**RECORDED INFORMATION**
○ ○ ○ ○

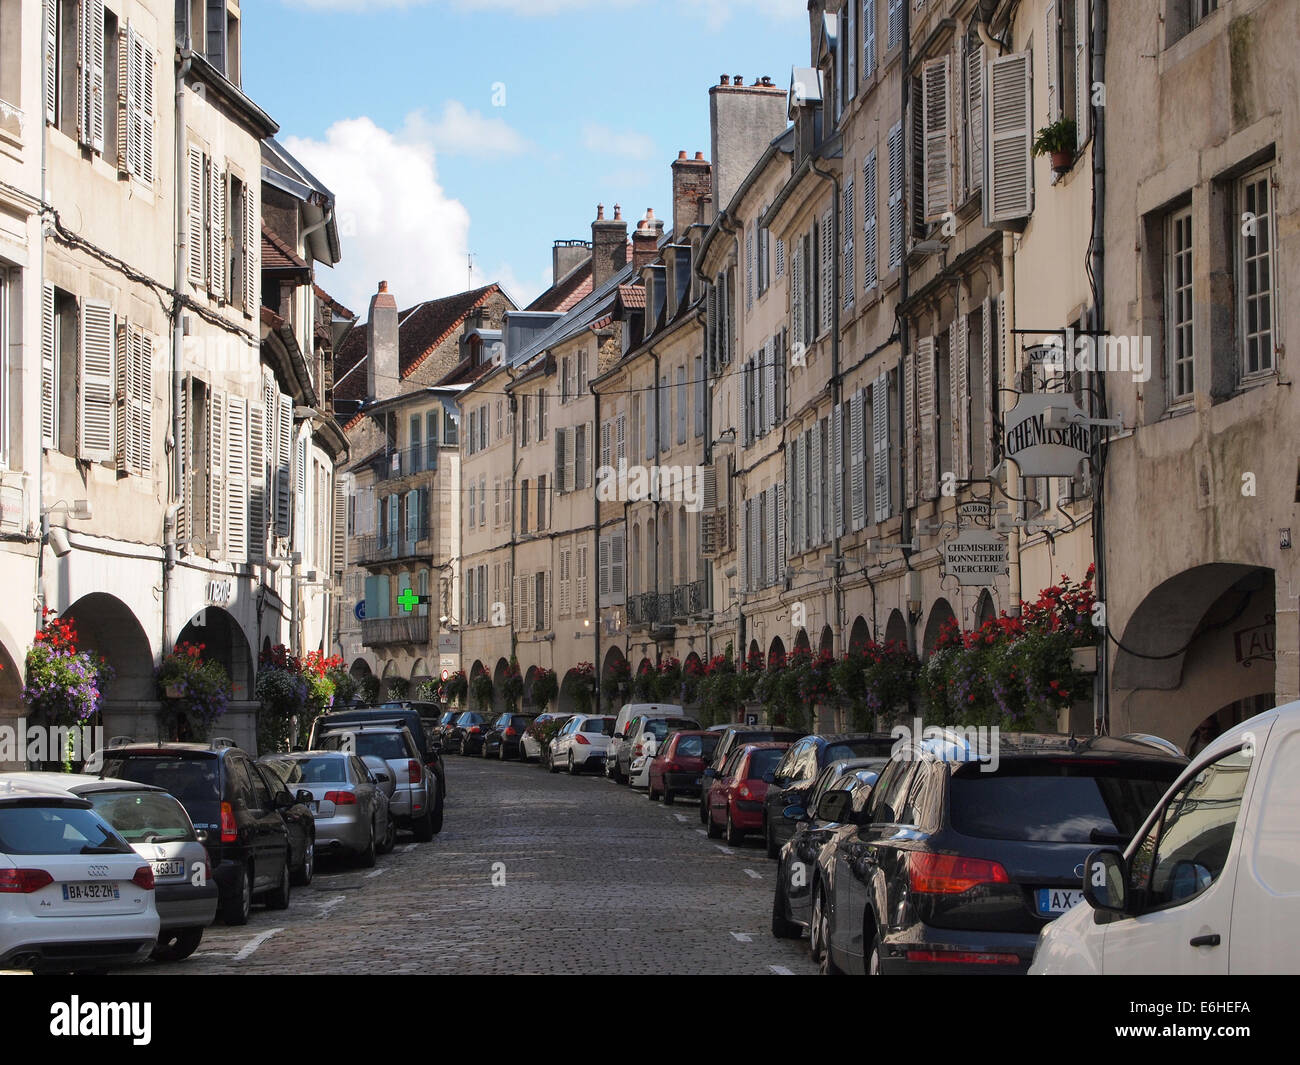 Typical street in Lons le Saunier, Jura region, France Stock Photo
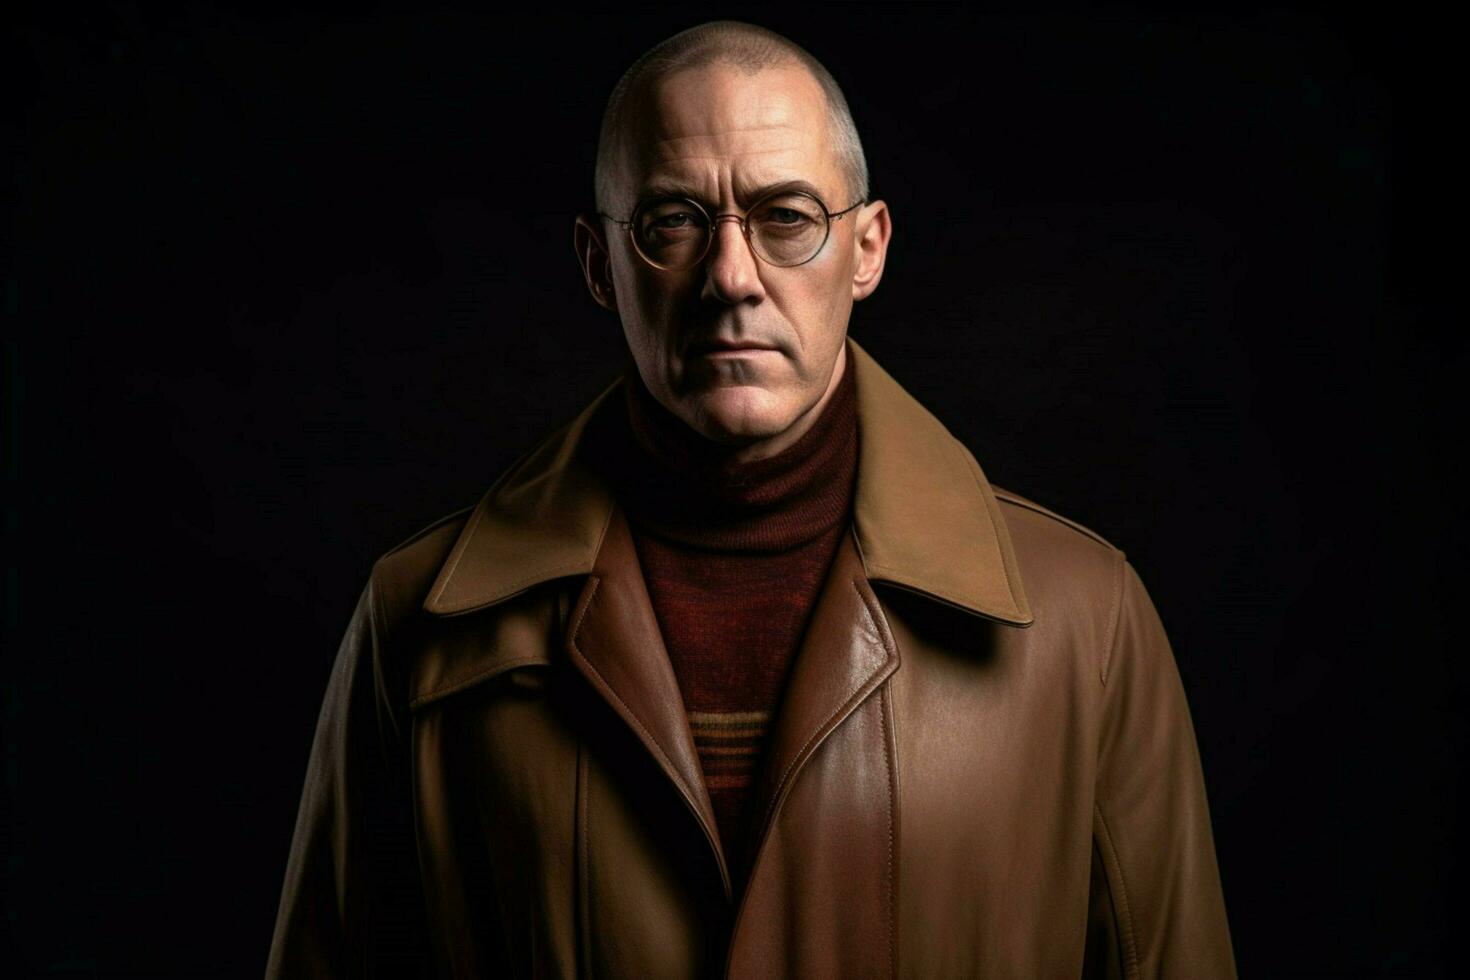 a man with glasses and a brown coat stands in fro photo
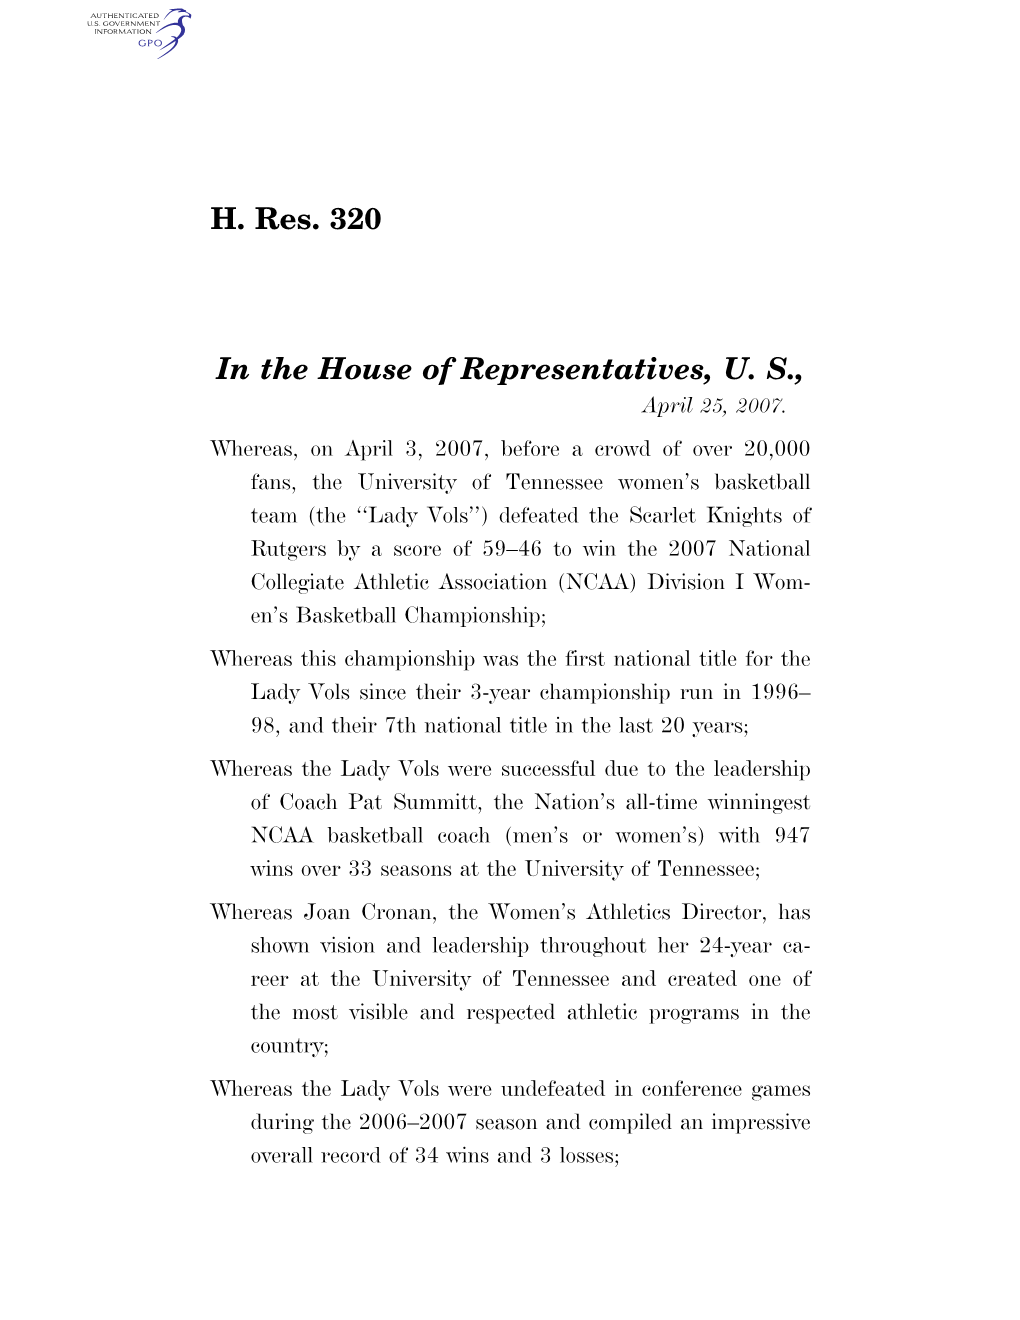 H. Res. 320 in the House of Representatives, U

○ ○ ○ ○

**WORK ORDER**
Once the pictures are set aside, give the rest of the material again unchanged.

**SOLUTION FOR THIS EXERCISE**
 Typical street in Lons le Saunier, Jura region, France Stock Photo
 a man with glasses and a brown coat stands in fro photo
 H. Res. 320 in the House of Representatives, U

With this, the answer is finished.